AIM OF THE EXERCISE
Retype the material that follows exactly, limited to the lines from the one with "Image for Non-Woven Tote - FT003" through the one with "white and red", and keep out all pictures.

INFORMATION GIVEN
--- START ---

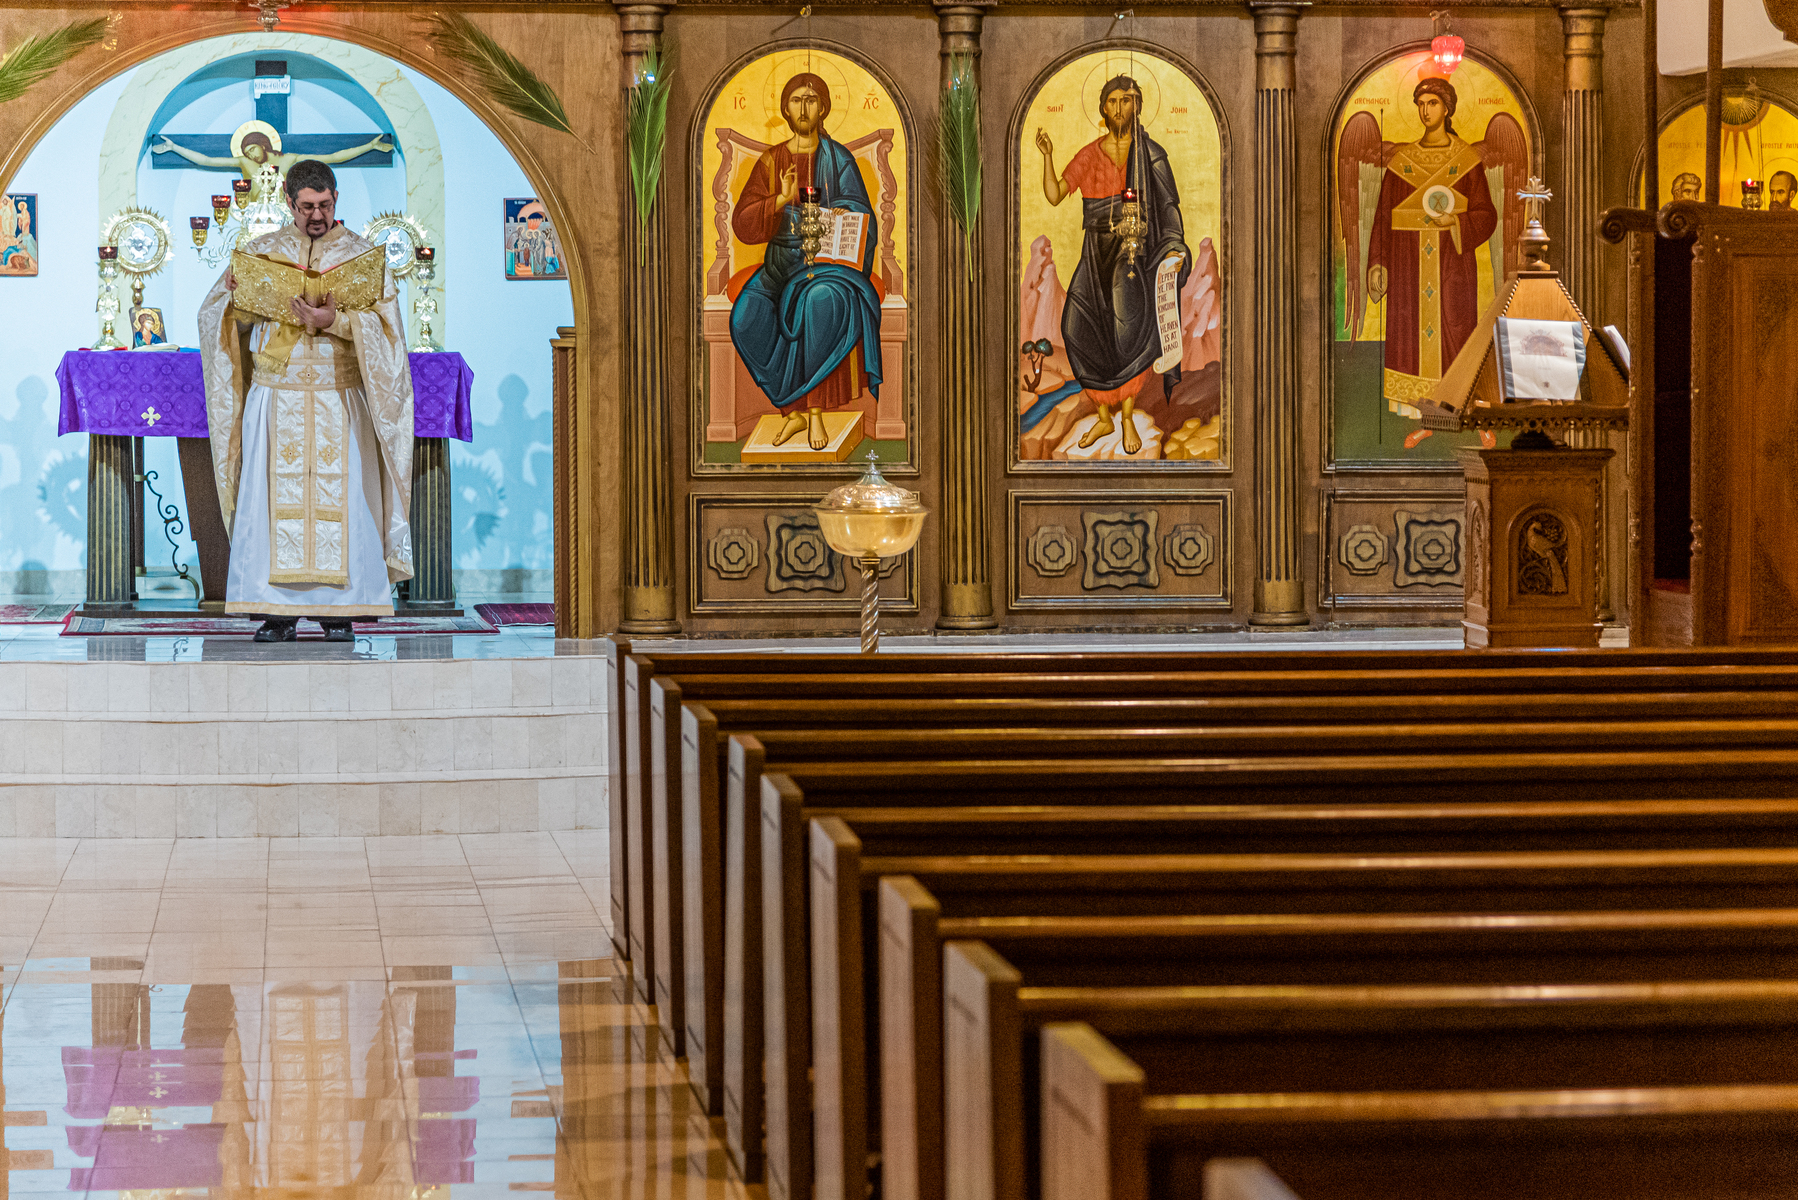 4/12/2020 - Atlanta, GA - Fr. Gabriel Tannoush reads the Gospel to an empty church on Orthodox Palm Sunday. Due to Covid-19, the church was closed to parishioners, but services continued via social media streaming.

--- END ---
--- START ---

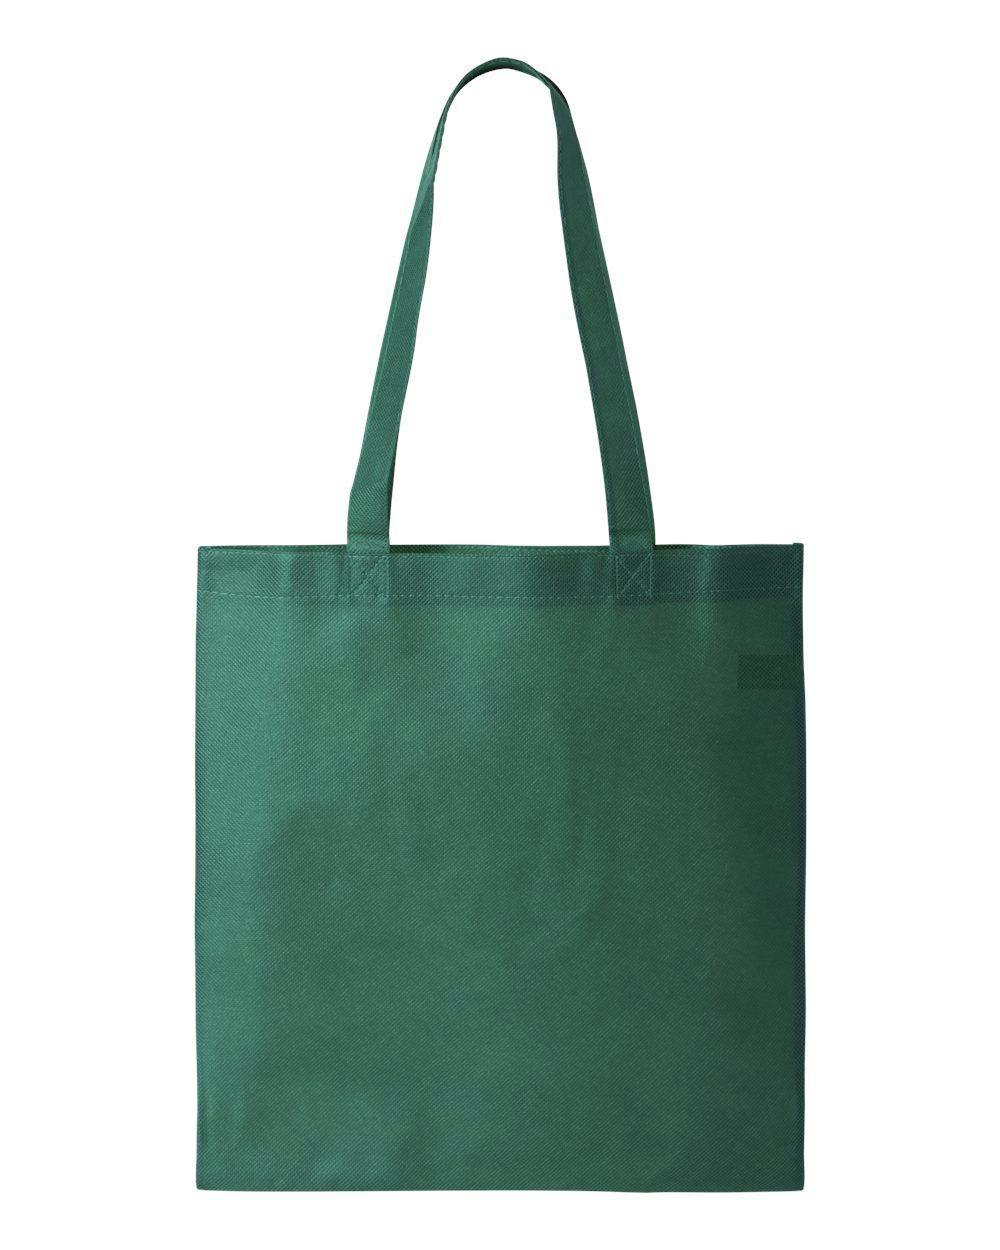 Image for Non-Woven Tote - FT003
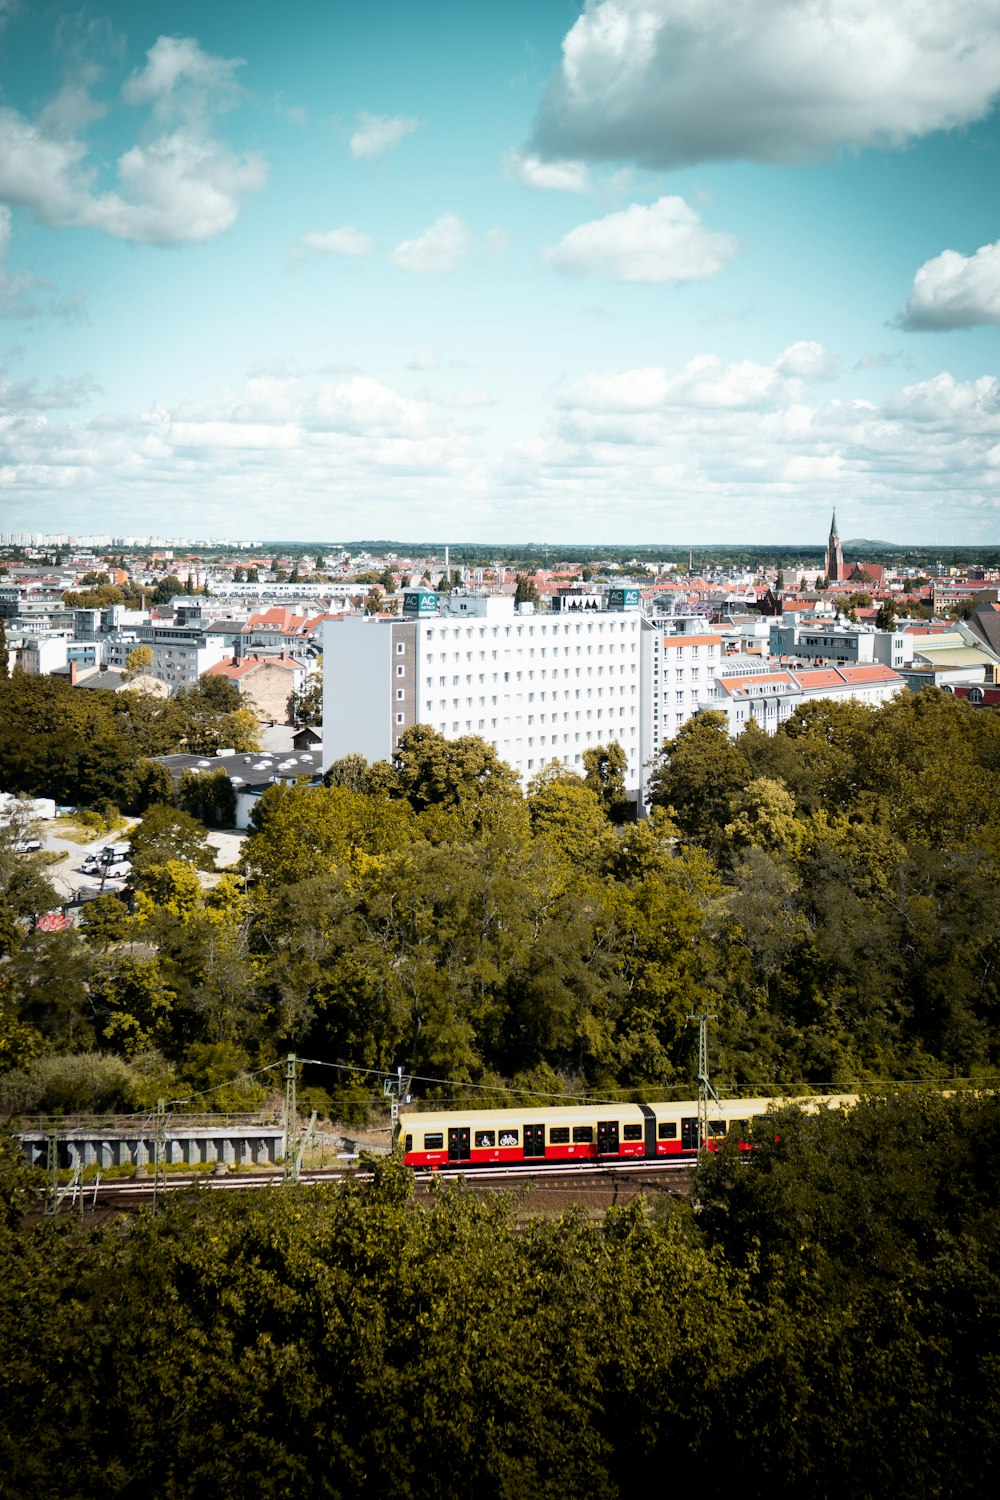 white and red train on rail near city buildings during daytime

--- END ---

RESULT BELOW
 Image for Non-Woven Tote - FT003
 white and red train on rail near city buildings during daytime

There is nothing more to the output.